September 13, 2018 (1:34 PM)

5 min read


Kuya Herminio Sabayo or commonly known as “Ateneans’ Kuya Taho” serving a spoonful cup of tofu and tapioca pearls, or simply Taho, at the Jacinto gate of Ateneo de Davao University. Photo by Julien Jame Apale

Pouring in the caramelized sugar, taking two spoon fulls of pearl sagos, scooping the soft tofu before layering the caramelized sugar yet again, taking two more spoon fulls of pearl sagos, and finally topping it off with condensed milk just to give it that pang of sweetness, Kuya Herminio Sabayo ardently serves yet another eager customer one of his cups of taho.

Having started serving these childhood reminiscent treat in the year 1998, Kuya Herminio Sabayo still passionately wakes up every day to indulge his customers with his own brand of taho.
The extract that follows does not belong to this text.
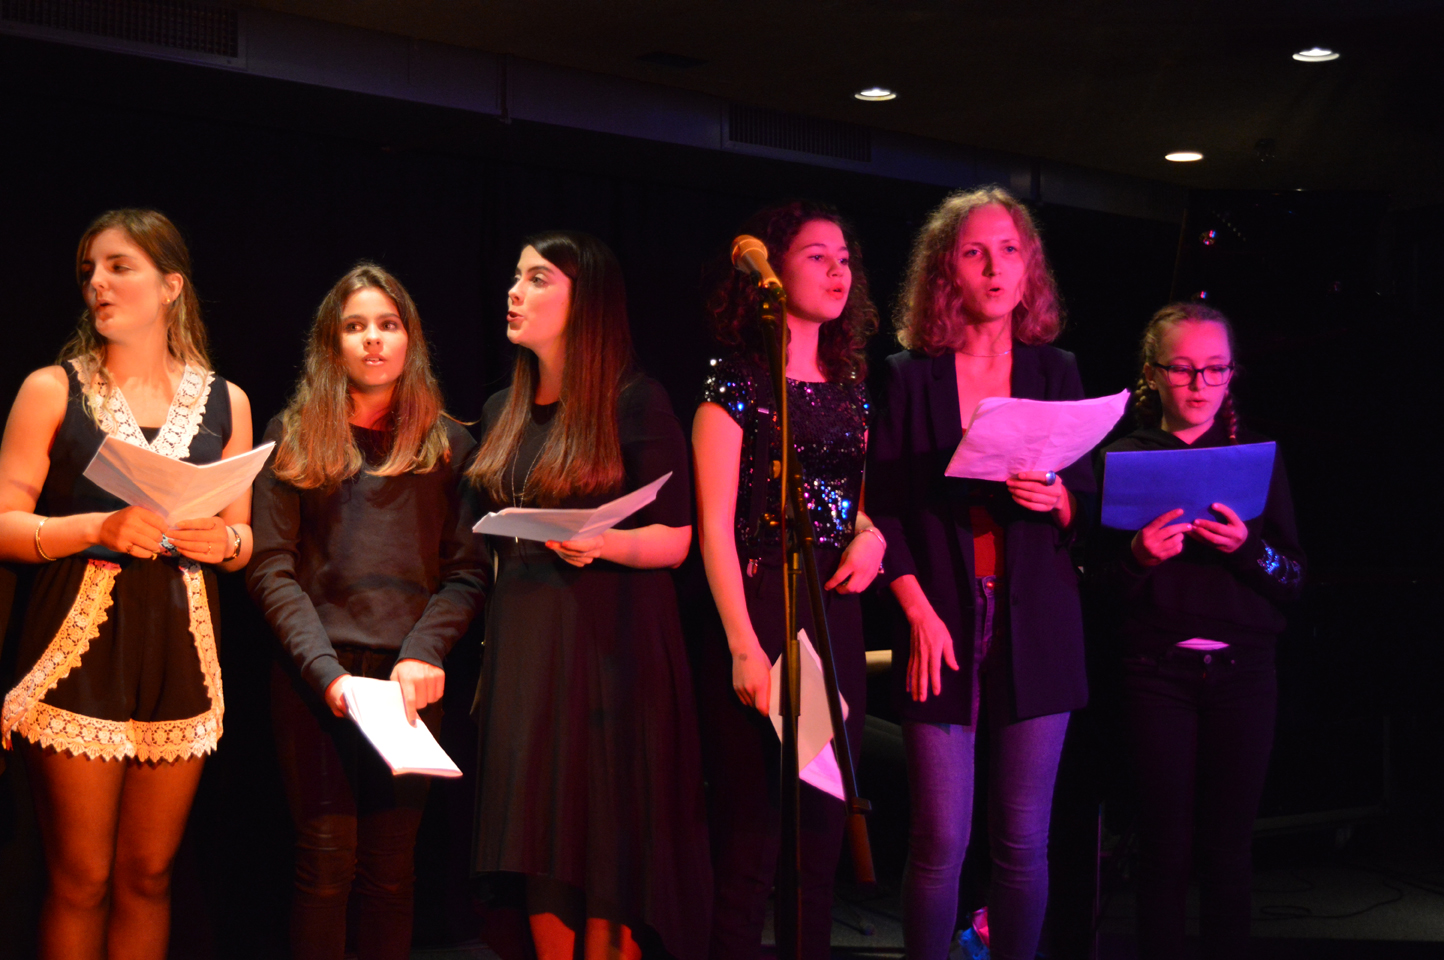 Mahogany_Hall_Vocal_Art_Konzert_2016_Vocal_Practice_Schüler

His story of serving taho outside the Ateneo de Davao University started one hot afternoon in the year 2001. After having walked around the streets of downtown Davao City, looking for prospects for which he can serve his taho, the young Kuya Herminio had a faithful encounter that marked his title as the Ateneans’ Kuya Taho.

Kuya Herminio remembered resting his aching shoulders as he placed both of his tins of taho ingredients on the ground that day. Then, he began to stretch and wipe his sweat, unaware of how significant his next customer would be.

A man came up to him who gently placed a hand on his shoulder. The man asked, “Tagpila dong?” A bit caught off guard, he stumbled with his words and ended up saying “Ah! Naa’y kinse, baynte ug baynte-singko sir”. To which the man had answered “Kanang baynte daw.”

After having been served, the man had complemented Kuya Herminio for his flavorsome taho and introduced himself as, the now late, Father Rodolfo Malasmas. He smiled at Kuya Herminio and recognized that the young taho vendor had been walking here and there searching for a place to vend his taho.

Fr. Malasmas patted Kuya Herminio on the back, pointed towards Ateneo and said “Tistingi lang diha,basig maka-jackpot ka.”

With a chuckle, Kuya Herminio responded with “Sige sir, pagbalik nako ugma”

At first, Kuya Herminio was nervous about the idea of selling in front of the gates as he might be ignored by the students of a pristine school. He was worried that his simple treat wouldn’t be appealing to the Ateneo community. Still, he tried. The afternoon of the next day, Kuya Herminio started selling his taho where his official spot had been secured, just outside AdDU Jacinto gate.

From 2 o’clock in the afternoon until 6pm in the evening, Kuya Herminio happily awaits for anyone who wish to be served his well-prepared cup of taho. With prices ranging from 15 to 25 pesos, one may enjoy the delicacy. As he continued to sell his brand of taho, he grew to know that many Ateneans love to indulge the child within themselves.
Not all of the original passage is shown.